I am going to be in the market soon for a new wheel set or I may end up hand building my own. What are the best hubs the bests hubs or wheel set for what I want to do? I weigh 220lbs if that matters.


----------



## Yo! (Dec 4, 2008)

You've got sooooo many options man.

Are you looking at 24's or 26's?

For your weight you'll obviously want to look into a burlier set like some Sun Double Tracks or some Azonic outlaws. I believe the '08 Outlaws are on sale for $200 right now, and they're cool because they can fit any 135mm width dropout and comes with both a 12mm and a 3/8ths axle, so they're versatile. Not to sure about the front hub, IIRC you need a 20mm thru.

For 24" you'll probably want to build your wheels yourself; I believe Atomlab makes some really bomber wheels, but I've never ridden them. Sun made some double tracks in 24", but good luck finding a pair, as I'm looking for some right now myself and it's proven to be tough. Halo's are decent, I've got the Combats right now, but I wouldn't do anything less than the SAS. 

Plus if you build yourself you'll need to decide on what back hub to use, IE, cassette or freewheel, because you'll be running single speed. I like cassette hubs because of the ease of changing cogs to dial in ratios, but the freewheel back hubs are BMX reminiscent and a lot less maintenance. Removing the threaded freewheel can be a ***** sometimes...

You'll also need to get your LBS to calculate spoke length given the dimensions of your hubs. If you're going to build yourself, just follow Sheldon Browns wheelbuilding guide on his website.


----------



## Mtbiker1986 (Mar 1, 2009)

LOL. How did I know you would be the first one to respond on this thread.

I'm going to be running 26', and my front hub now is a QR, since I don't want to buy a new fork right now I want to stick with that.

I would like to build a wheelset but I would much rather buy a already made wheelset. My only thing is I don't want S*** hubs.


----------



## Yo! (Dec 4, 2008)

Hahaha yea dude I sell advertising online for a living so I am literally on the internet A L L D A Y L O N G.

Anyway, I think you'll find the most value in the Azonics, and I hear the hubs are decent. Did you look at the reviews?

The reviews on this site are super helpful.


----------



## Mtbiker1986 (Mar 1, 2009)

lol. I'm a travel agent so I'm also on the computer all the time. 

No.

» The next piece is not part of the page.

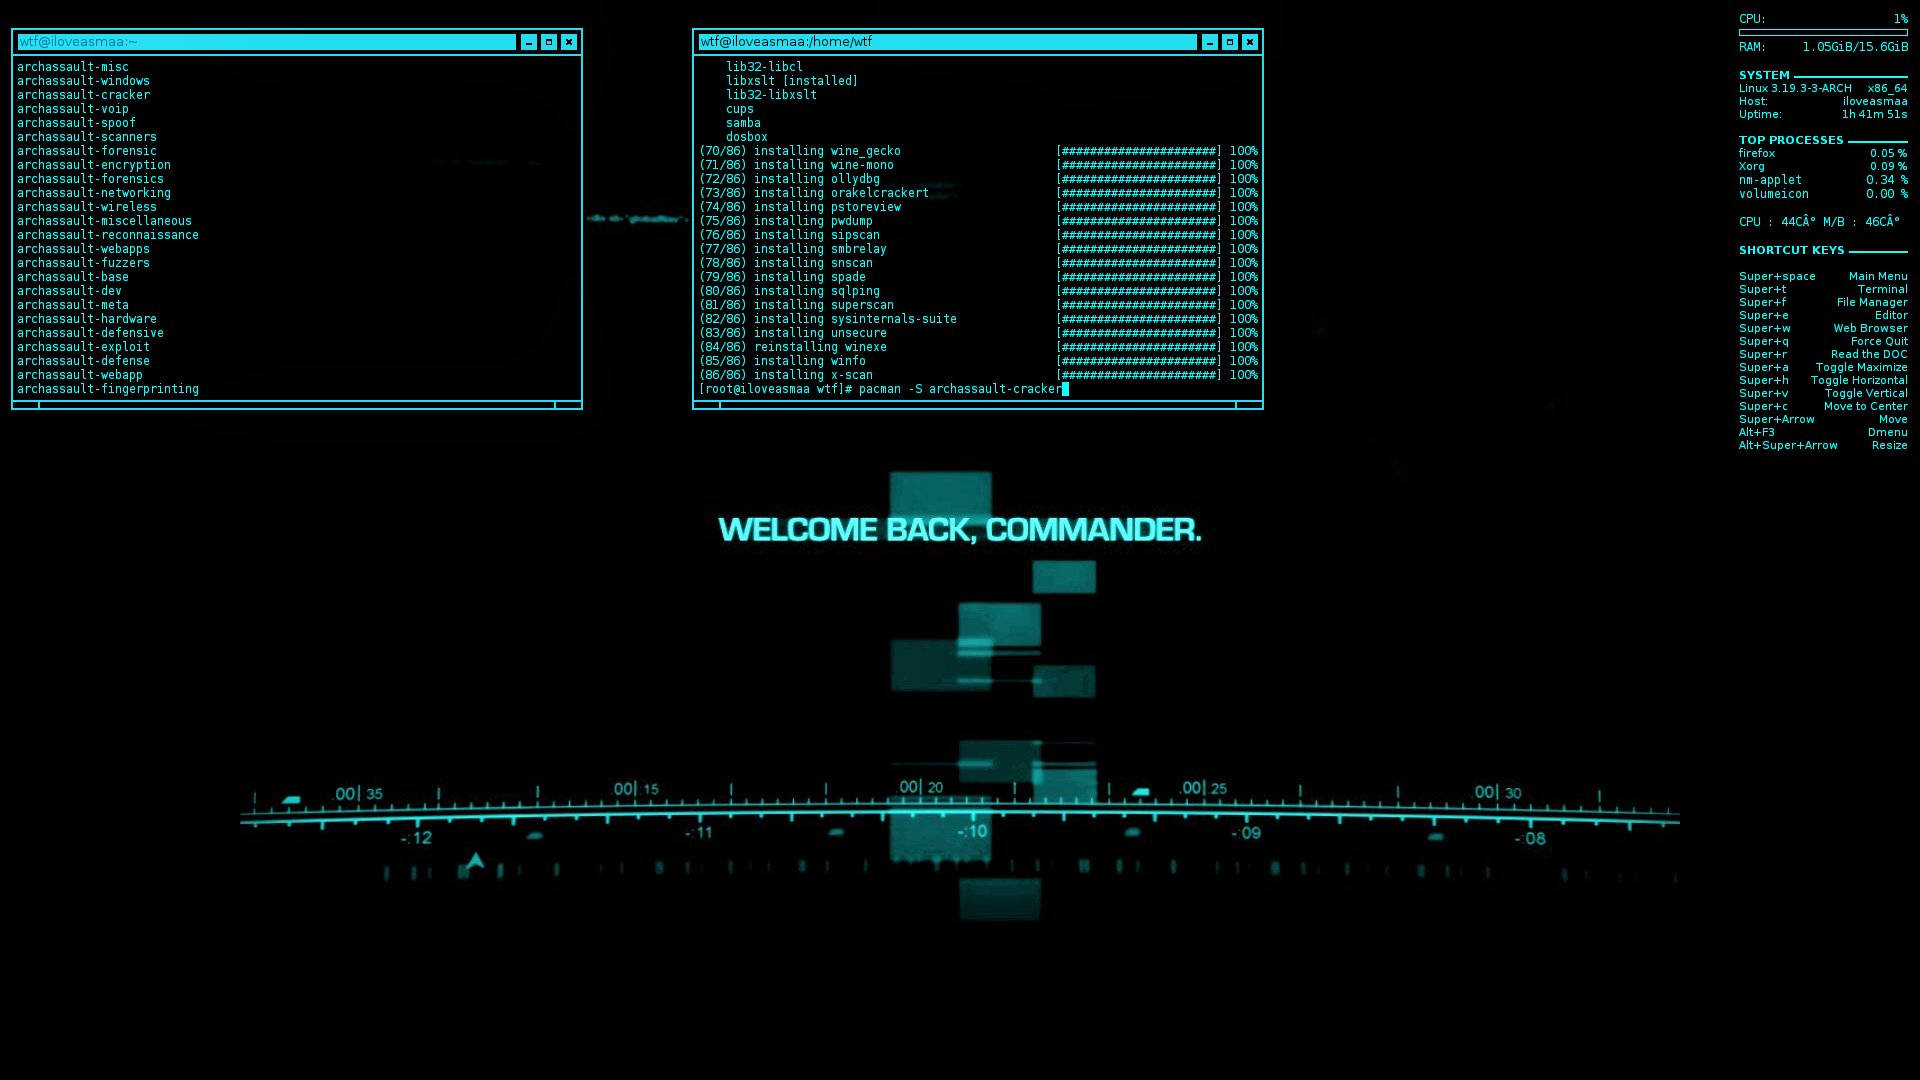 Download Hacker Screen Code Wallpaper

I started there but there was so many options I wanted to get some opinions on stuff on this thread and then move that area next.


----------



## Mtbiker1986 (Mar 1, 2009)

Yo! what do you think of the Transition Bikes Revolution WheelSet. They seem to have better reviews than the Outlaws and are pretty much in the same price range a tad bit more but what do you think. I only found them on Beyondbikes.com for $289. Have you seen them anywhere any cheaper?


----------



## Yo! (Dec 4, 2008)

I haven't ridden the transition set but I did hear the hubs are a bit better. Here's some stuff I found on other forums ab the sets, definitely google "transition vs azonic wheelsets":

Outlaws Vs. Transitions:

"I own both and I have a set of azonics on my 06 Kona Stab Garbanzo Deluxe and have done a ton of stuff on them at whistler and they are still perfectly true after two years and over 3000miles on them. I have a set of transitions on my Orange 223 and they have held up to anything also and i have about 2200miles on them so they both are about equall strength and both succeded on the durability test so I would say it comes down to looks personally i like the transitions better because they stand out more than the azonics 6 inch little sticker."

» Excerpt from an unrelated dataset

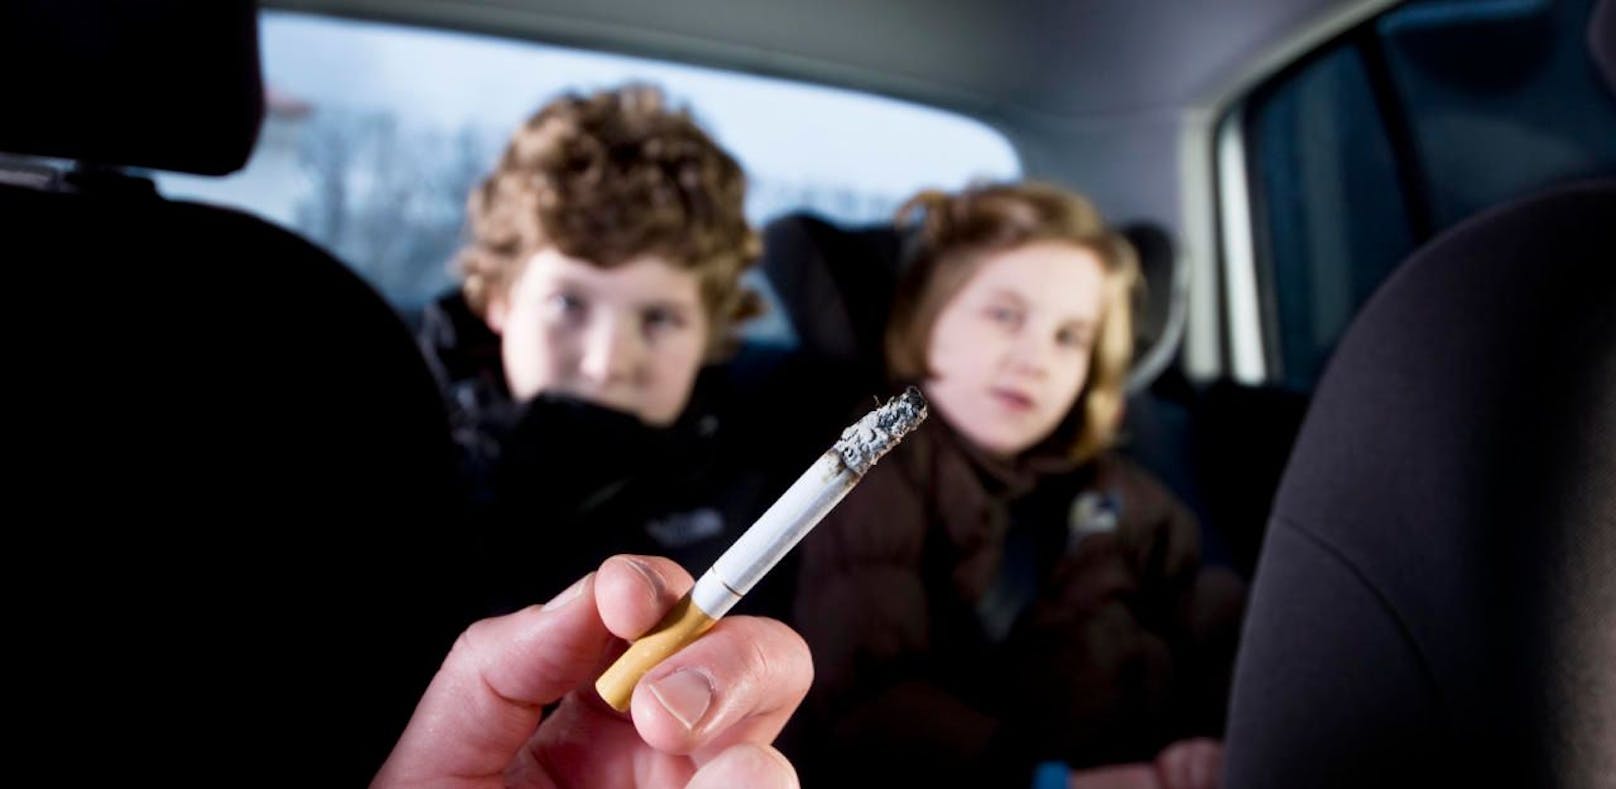 Sind Kinder im Auto, ist das Rauchen künftig verboten.

"Outlaws have Supra D rims which are pretty freaking nice. The hubs are heavy as hell and the spokes are cheeze but what can you expect for $200? I've had my outlaw's for over a year and a half now and they've held up just fine. Snapped a few cheezey spokes but they stay true. The hub is as loud as you want it. If you want to make it super loud take out the spring and bend it a little tighter, not too hard."

"I don't think they're Supra D rims, I believe they're made specifically for Azonic from an offshore company. Also, I believe I read somewhere that Transitions rims come from the same source, and that the TBC wheelset has nicer hubs. Azonic hubs were prone to failure, however they supposedly fixed this."

I wasn't able to find the transitions less than $289, but the sets seem comparable, even though the TBC's look immensely cooler. Maybe someone else who's ridden both sets will chime in.....


----------



## Mtbiker1986 (Mar 1, 2009)

Cool. hopefully people will. Atleast within a month or so I will def start shopping around.


----------



## Demo-9 (Mar 24, 2006)

If you are going dedicated SS on the rear, build a new wheelset with a SS hub. Far better than a stock wheelset that you need to convert with a SS kit. Makes a stronger wheel with no dish, looks better, etc.

I personally run Profiles in 36 hole on both DJ/Park bikes. I actually run Profiles on my FR bike as well. They are just great hubs. For a 26" I recommend Mavic 721 or 729. With your weight the 729 would be perfect.

Profile makes a 3/8" front hub that will work with your q/r fork. I just built a new set of Profiles with 3/8" for my Gold Label which is 3/8". Non-disc though so no front brake option..


----------



## Mtbiker1986 (Mar 1, 2009)

Do the hubs allow disk? My bike is only supports disk brakes.


----------



## XSL_WiLL (Nov 2, 2004)

The Azonic is (IMO) better than the Transition. The Outlaws do indeed use a Alex Supra D rim. The hubs are Formula hubs. The front can fit 20mm TA or QR. It's great bang for the buck. The Azonic did previously have some freehub problems, but they seemed to have resolved that. If not, you'll still have a good rim to use. You can always lace it up to a nice hub like a Hadley.

The Transition wheels do not use Alex rims. It's some other Taiwanese company. I seem to recall the TBC wheels being a bit heavier. I would say the hubs are about the same quality.


----------



## JGill (May 2, 2008)

Profile's and pimplites. 24 or 26


----------



## sodak (Oct 10, 2006)

Perfect timing for this thread! I was just about to start the exact same topic. 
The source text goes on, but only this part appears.